Haha ^ good story. I think Kwanzaa should just wax it up and figure it out. Time to take it to the next level. Speed checks are part of the game until you double up on those rollers. If you like pointing through tight spaces and taking on bumps then you can handle more of the board has to offer. It's not really going to slip out under your feet. Think of everything getting smoother. I waited a while before I got my first tune up. Roll with what you've got or step it up! It's a new season!!!

Saw this at BANFF 'radical reels' 
Cross Country Snowboarding - YouTube

Edit: started writing this before I saw you submit wolf.

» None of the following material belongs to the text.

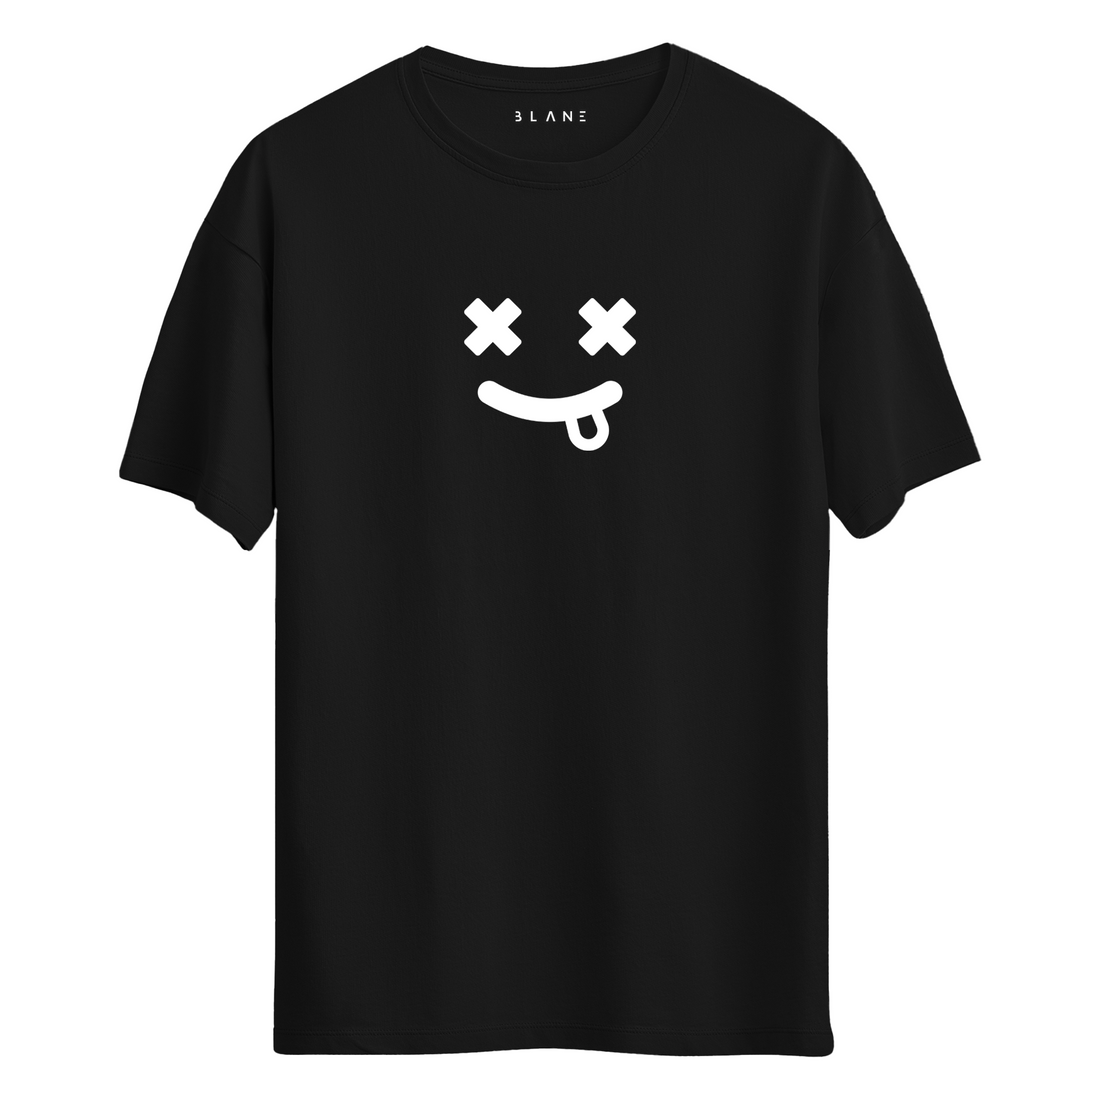 Smile Suicide - T-Shirt

On the same page. I feel on the same page, eerily after I came back to this thread. The fact kwanzaa has a nice board not being used at 100% means he will only grow into it's potential.


----------



## Kwanzaa (Sep 4, 2011)

Yeah i have no problem going fast when i have room to turn. I ride through tight, sometimes steep glades where there isnt any room to slow down, im talking like 2-4 foot wide paths with a solid bank of tree's on each side, and sharp turns. if you go off the path your going to slam into a thick branch or tree. and thats my problem, im trying to minimize my speed. when i was riding with my old unwaxed board i was able to outride my friends who have been riding 5-15 years. I figure if i wax the board im going to be going beyond my ability and hit another tree, i've already got a spinal compression, i dont feel like dealing with more problems. I'm not saying i want to cover the board in tree sap so it doesn't move. I just mean a protective surface that will offer similar characteristics of a unwaxed board.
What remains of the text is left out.